The Paranormal: Paranormal Activity 3 


That’s right, the homevideo horror series about creepy dads who film their families 24 hours a day is back. This time the Paranormal Activity series flashes back to the '80s where old VHS tapes tell an origin story of sorts about how the serial hauntings started for the sister protagonists in the first movies back when they were little girls.

By now you should be pretty familiar with the Paranormal Activity formula (place a camera in a darkened bedroom, stay still for tension to build, then make a sudden movement or loud noise - cue a jump in the audience) and nothing much has changed in this third chapter. But on the plus side, nothing has to.

The subtle scare series works well and seem to make audiences hoot and holler like clockwork. It’s difficult to say why these movies are so effective. Maybe it’s because they tap into universal childhood fears of haunted family homes, maybe it’s because technology has reached a point where seeing characters film themselves at all times is no longer abnormal, or maybe it’s because the bloodless jump scares provided a nice antidote to the Saw series’ torture porn of which audiences have grown tired.

Whatever it is, Paranormal Activity seems to be the new perennial Halloween horror franchise and fortunately part 3 might be the series highlight thus far.

For the first time the characters of the Paranormal Activity movie are not only relatable, but likable so you actually care what happens to them rather than simply waiting for the ghosts to scare them.

This added character depth comes courtesy of co-directors Henry Joost and Ariel Schulman, the guys responsible for last year’s fascinating social networking documentary Catfish.
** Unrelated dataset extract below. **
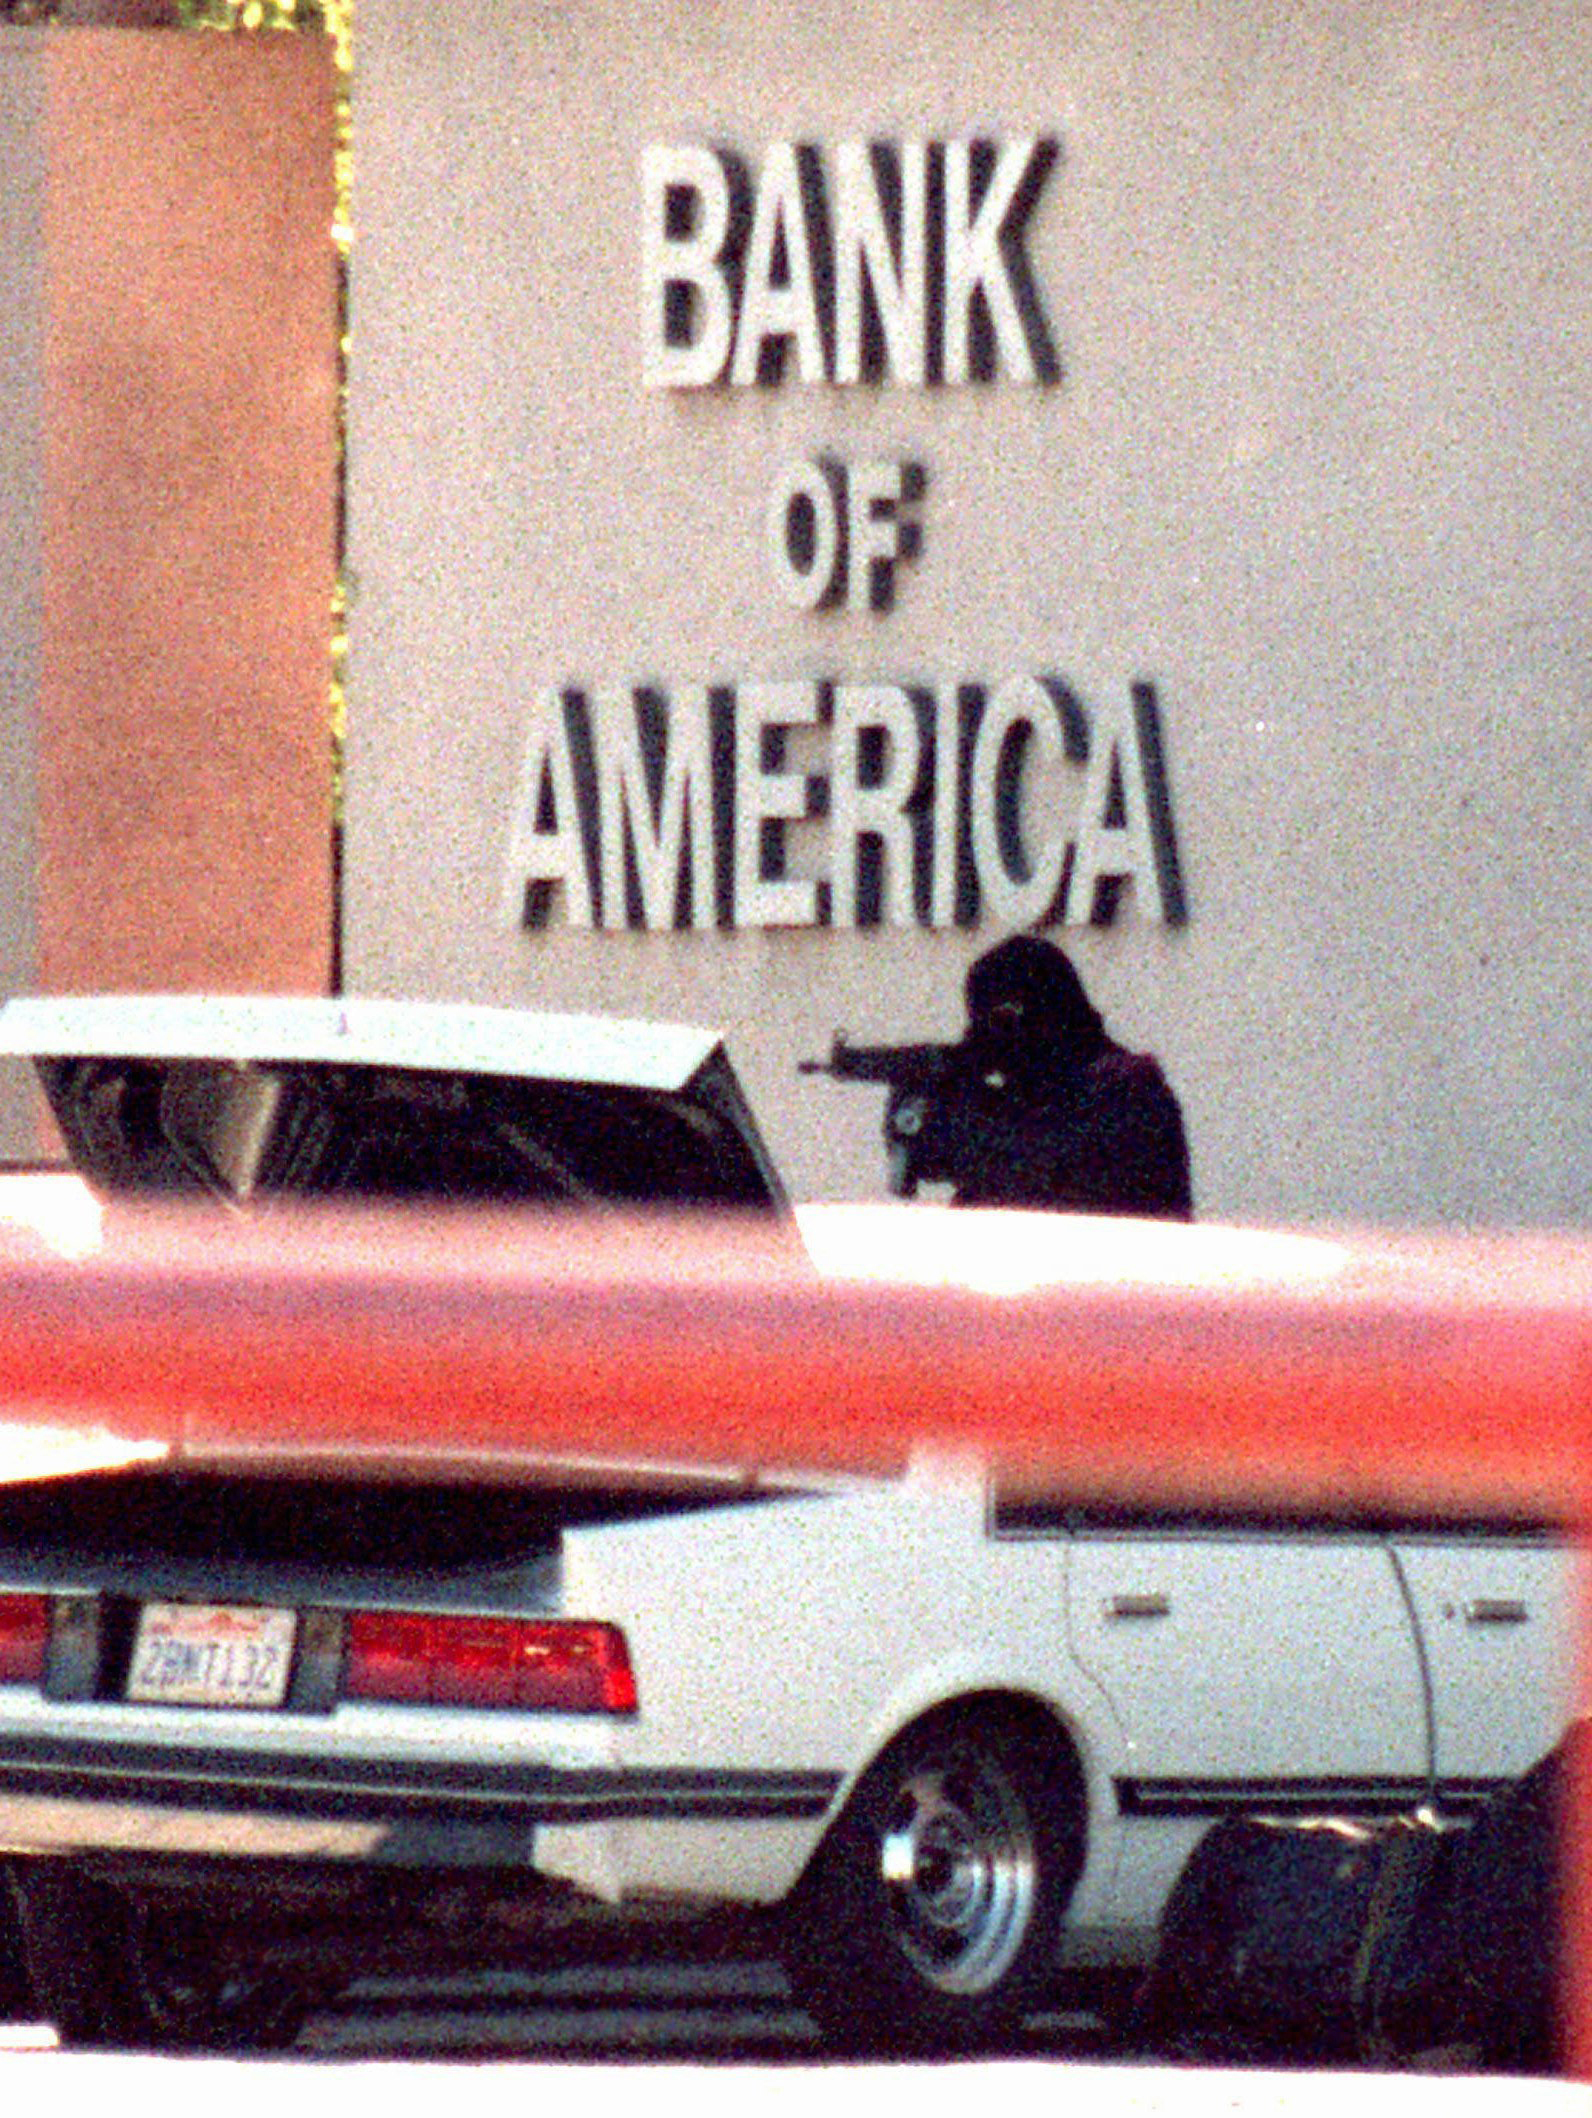 One of the bank robbers fires at LAPD officers with an illegally modified assault rifle.

Their gift for subtle character comedy carries over and while it does hurt their claims that Catfish was real, hopefully they’ll at least get more directing work of off the inevitable success of this movie.

The increased budget now that this is a Hollywood franchise also allows them to pull off some impressively elaborate scares that never would have been possible in the first to movies. Like the previous Paranormal Activity romps, this is still a fairly bloodless and bland slice of horror that relies almost exclusively on making audiences jump at unexpected loud noises.

If that technique doesn’t work for you, you’ll be just as irritated by this entry. However, if you like the series, this movie is possibly a franchise high point, although hopefully it’ll be the end of the series.

It’s time for some fresh blood to kick off a new Halloween horror franchise before this one gets as worn out, predictable, and repetitive as the Saw movies. At least I don’t have to trot out any lame Para-snore-mal Activity puns this time out though. Thank God for that.


Also opening this week: Johnny English Reborn (Remember that Rowan Atkinson spy spoof from a few years ago that actually played worse than Goldmember? Yeah, it got a sequel and the laws of diminishing returns apply), Being Elmo: A Puppeteer’s Journey (a documentary about the man who created Elmo that’s far better than you’d expect - guaranteed to make a grown man who grew up on Sesame Street cry). The Mighty Macs (Finally, a woman’s basketball movie. Yay?)